Clang Power Tools is a Visual Studio extension, which provides several useful Clang related functionalities directly from the IDE.

Version

Instructions

Once the extension is installed, simply right click on a target in your solution and select Clang Power Tools->Export Compilation Database:

and your solution root directory will contain the compile_commands.json file.

Result

[
  {
    "directory": "C:/compile_commands_gallery/msvc_clang_power_tools/",
    "command": "\"C:/Users/bkryz/AppData/Roaming/ClangPowerTools/LLVM_Lite/Bin/clang++.exe\" -x c++ \"C:/compile_commands_gallery/msvc_clang_power_tools/src/hello.cc\" -std=c++17 -Wall -fms-compatibility-version=19.10 -Wmicrosoft -Wno-invalid-token-paste -Wno-unknown-pragmas -Wno-unused-value -fsyntax-only \"-D_MT\" \"-D_DLL\" \"-D_DEBUG\" \"-D_CONSOLE\" \"-D_DEBUG_FUNCTIONAL_MACHINERY\" -isystem\"C:/Program Files/Microsoft Visual Studio/2022/Community/VC/include\" -isystem\"C:/Program Files/Microsoft Visual Studio/2022/Community/VC/atlmfc/include\" -isystem\"C:/Program Files/Microsoft Visual Studio/2022/Community/VC/Auxiliary/VS/include\" -isystem\"C:/Program Files (x86)/Windows Kits/10/Include/10.0.10240.0/ucrt\" -isystem\"C:/Program Files (x86)/Windows Kits/8.1/Include/um\" -isystem\"C:/Program Files (x86)/Windows Kits/8.1/Include/shared\" -isystem\"C:/Program Files (x86)/Windows Kits/8.1/Include/winrt\"",
    "file": "C:/compile_commands_gallery/msvc_clang_power_tools/src/hello.cc"
  }
]

Here we can see, how using arguments array instead of command would make the escaping less tedious.

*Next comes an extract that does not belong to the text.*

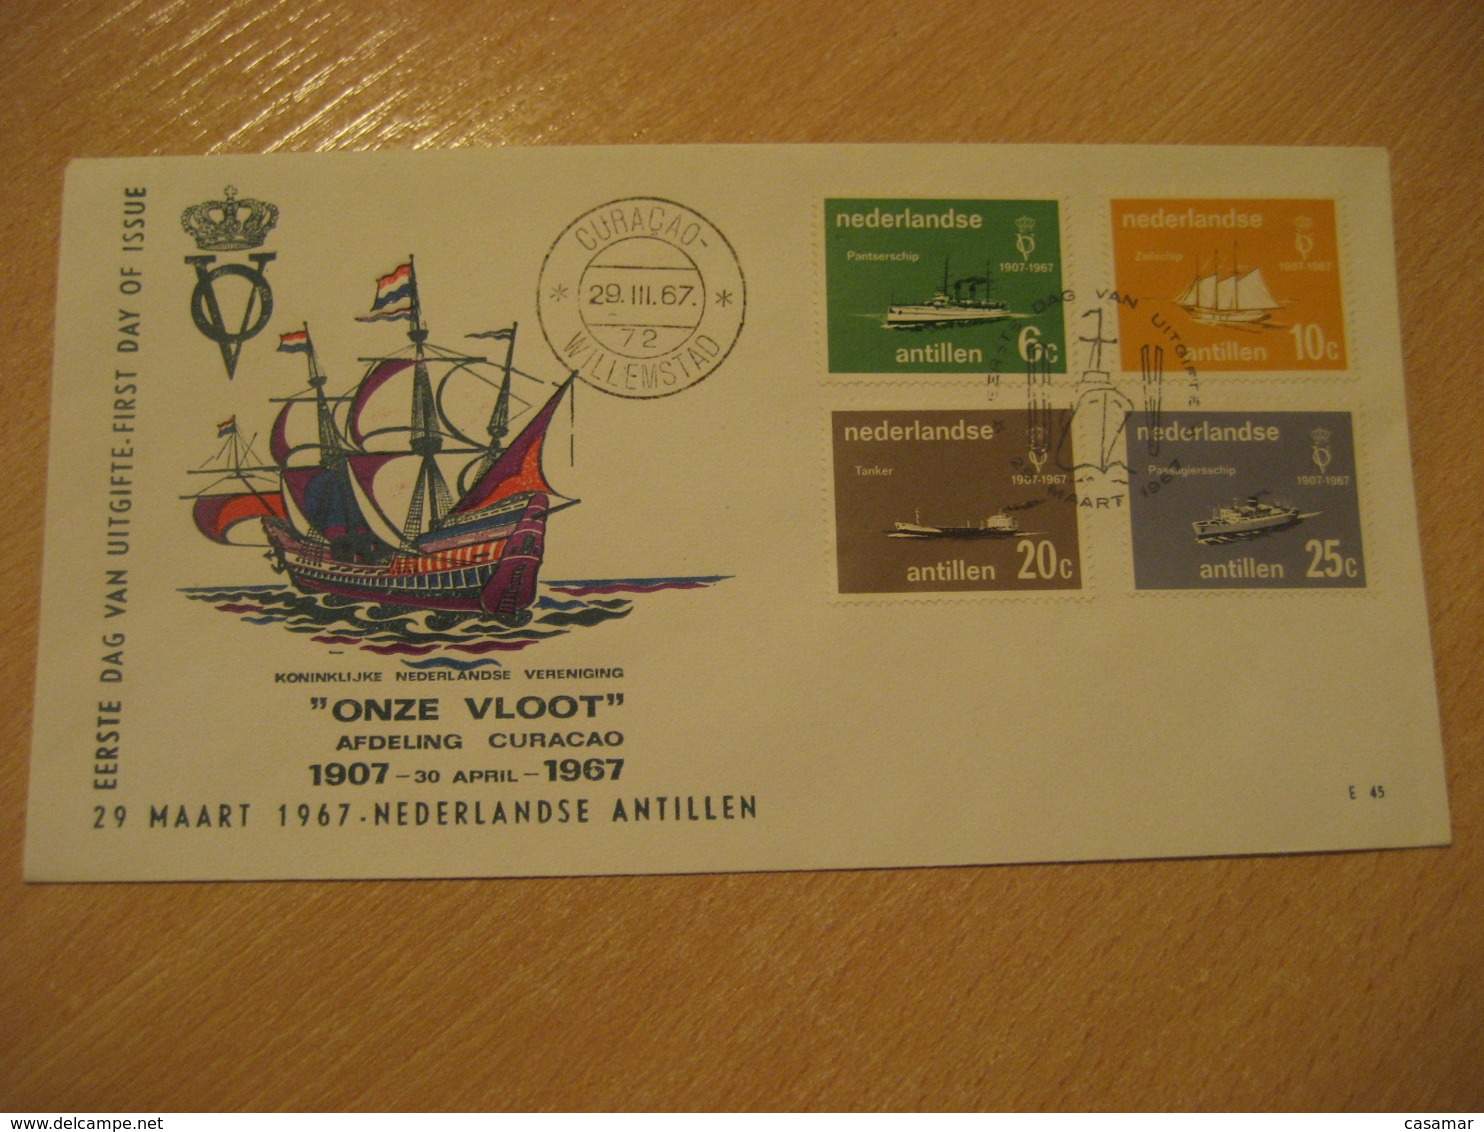 Netherlands Antilles Curaçao Willemstad 1967 Our Fleet FDC Cancel Cover West Indies - Antilles
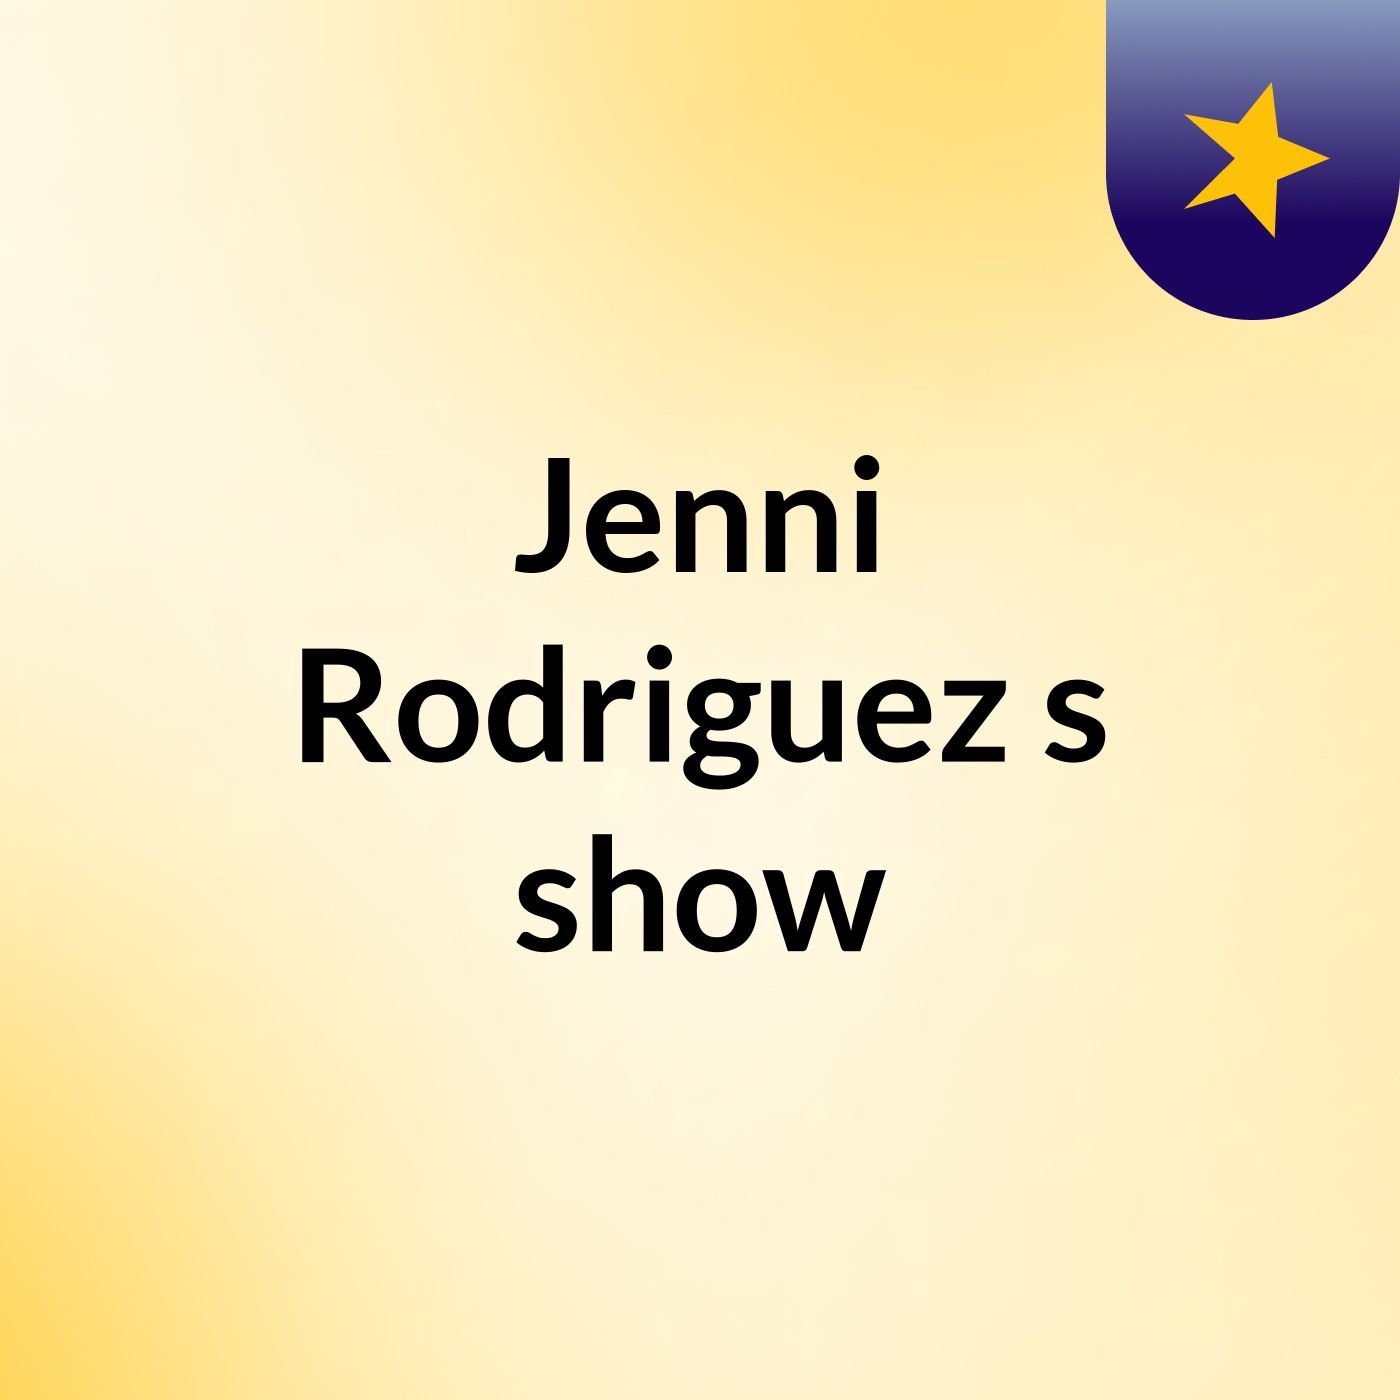 Jenni Rodriguez's show

However what is nice about this plugin, is that the flags are translated from MSVC to Clang, and the compiler is set to clang++, which means we can adjust the flags in the tool configuration (e.g. in clangd or clang-uml).

0xabu/MsBuildCompileCommandsJson

MsBuildCompileCommandsJson is an implementation of MSBuild Logger interface, which allows to invoke custom code for every build event, and this way can produce the compilation database.

Version

$ git -C MsBuildCompileCommandsJson describe --tags --always --abbrev=10
d9b1decdc6

Setup

Since this is a single file .NET project, we have to first get the source and build it:

$ git clone https://github.com/0xabu/MsBuildCompileCommandsJson.git
$ cd MsBuildCompileCommandsJson
$ dotnet build
$ cd ..
$ cp MsBuildCompileCommandsJson/bin/Debug/netstandard2.0/CompileCommandsJson.dll .

Instructions

Once we have the logger DLL, we can use it with msbuild.exe like this:

$ msbuild.exe -logger:"$PWD/CompileCommandsJson.dll"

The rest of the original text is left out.